When viewing a DISCOVAR de novo assembly with
NhoodInfo, from multisample data, one may now flag edges having any specified pattern of presence or absence of reads from given samples. For example in a three-sample assembly of child, mother, father, the command
PURPLE=100 will cause edges having only reads from the child to be flagged as purple. This change takes effect as of revision 52401.
We’re adding a detailed description of the input specification for
DiscovarDeNovo. It is quite general and allows several file types as well as path descriptions. Please let us know if anything is unclear or could use improvement. The new doc will appear with release 52345.
We’ve added a new statistic ‘MPL1′, the mean length of the first read in a pair up to the first error. This turns out to be diagnostic for certain run failures. The normal range is 175-225 for 250 base reads. A much smaller value would indicate that something has gone badly wrong (which is a rare event). This stat goes live as of revision 52335.
The DISCOVAR de novo executable has been renamed
DiscovarDeNovo (previously it was called
DiscovarExp). Its operation remains unchanged. We think we’ve managed to update all the documentation, but if you spot any holdovers please let us know.
We’ve made two changes to DISCOVAR de novo:
1. Memory usage during BAM file reading is now lower.
2. We’ve added a memory check to see how much memory appears to be available, and then throttle memory usage to that level. Sometimes (and particularly on scheduled systems like SGE) the amount of available memory is reduced. Please let us know if you observe aberrant behavior. The feature can be turned off by setting
MEMORY_CHECK=False on the
DiscoverExp command line.
We’ve added support for use of a reference sequence with DISCOVAR de novo. If you provide a reference sequence, then your assembly will be created de novo, then aligned to the reference sequence. Then when you view the assembly using
NhoodInfo, the view will be marked to show reference coordinates.
To use this new feature, supply the command-line option
REFHEAD=g, where you have files
g.names. The file
g.names should be a text file having the same number of lines as
g.fasta has records, with each line being a name for the corresponding record (e.g. chr3). These names are displayed by
NhoodInfo, so you want them to be reasonably short to avoid crowding the display.
We’ve added support for use of part of a read set. For example,
READS="frac:0.6 :: x.bam"
will cause 60% of the read pairs in
x.bam to be chosen at random and assembled. This is useful to understand the effect of lower coverage and in cases where one has too much data to assemble on a given machine. The
frac option can be combined with the
sample option e.g.
READS="sample:T :: t.bam + sample:N,frac:0.5 :: n.bam"
to use all the reads in
t.bam but only half of the reads in
DISCOVAR de novo now has an argument MAX_MEM_GB that can be used to limit memory usage to roughly the given amount. This can be useful on very large shared-memory systems.

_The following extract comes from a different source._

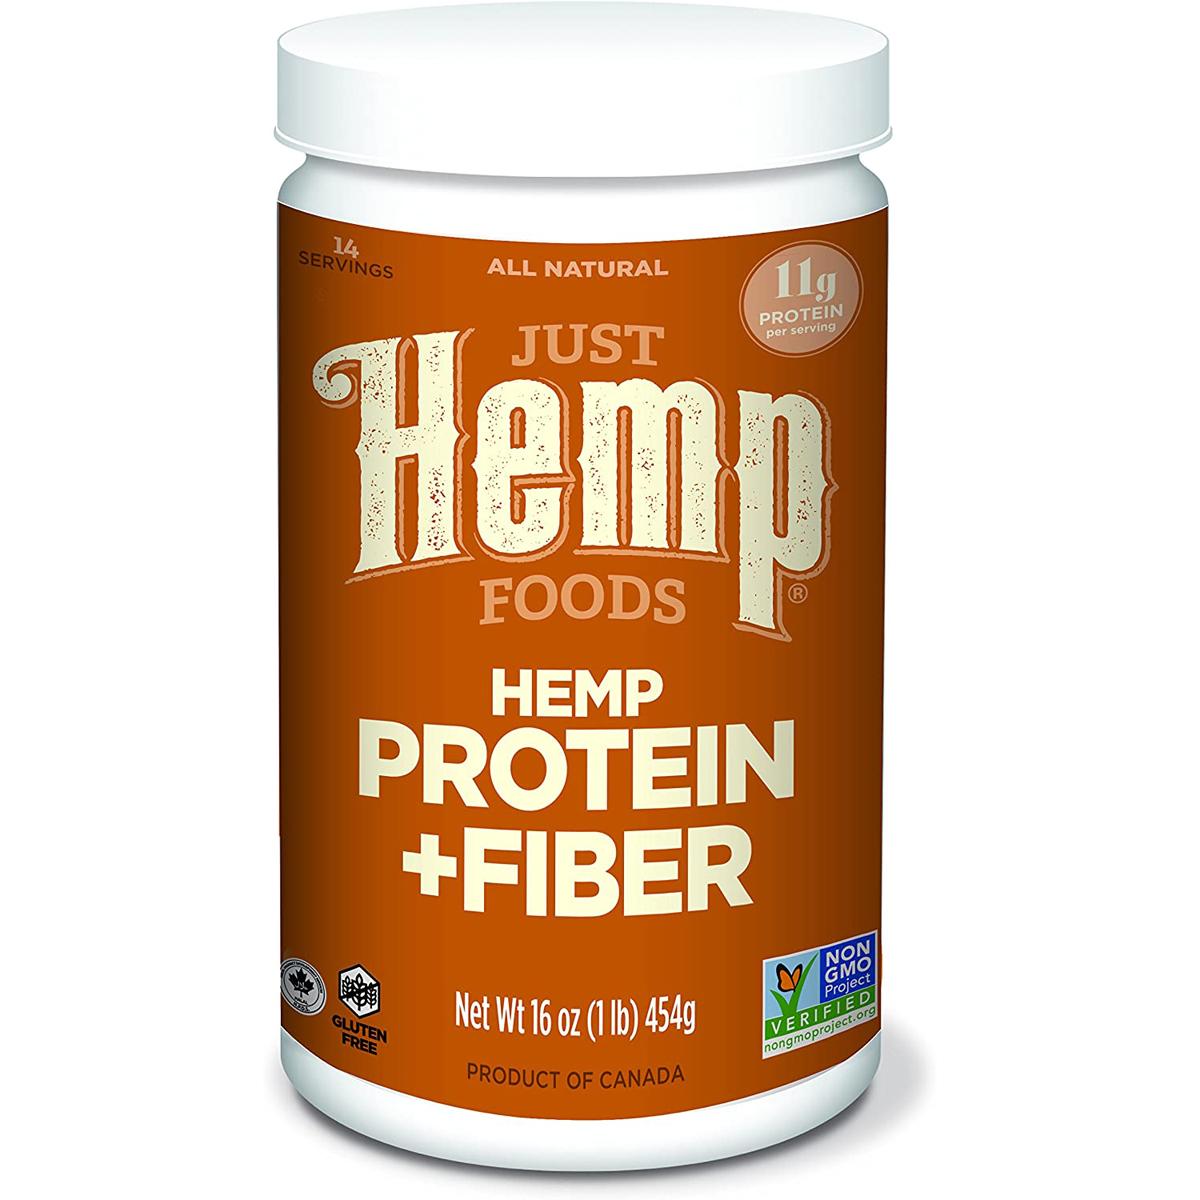 Just Hemp Foods Hemp Protein Powder Plus Fiber for $1.94 Shipped

We’ve added some new assembly statistics to DISCOVAR de novo. These are in the file stats in
a.final and are mirrored in standard output. These along with the file
frags.dist.png are often diagnostic.
DISCOVAR de novo produces several output files, including a file of scaffolds
a.lines.fasta in which a single path through a genomic locus is shown, even when multiple paths are possible (for one of several reasons, including polymorphism). (See “Edges, lines and scaffolds“.) This ‘flattened’ representation of the assembly loses information but has the advantage that it is FASTA and so can be processed by standard tools. With revision 51386, we now pick the paths used to be those having highest coverage. This is completely arbitrary in cases of bona fide polymorphism, but is helpful in cases where an assembly bubble occurs because of sequencing difficulty, making it uncertain which bubble branch is correct. In such cases, and in cases of ‘minor alleles’ in bacterial cultures, choosing the highest coverage branch makes sense.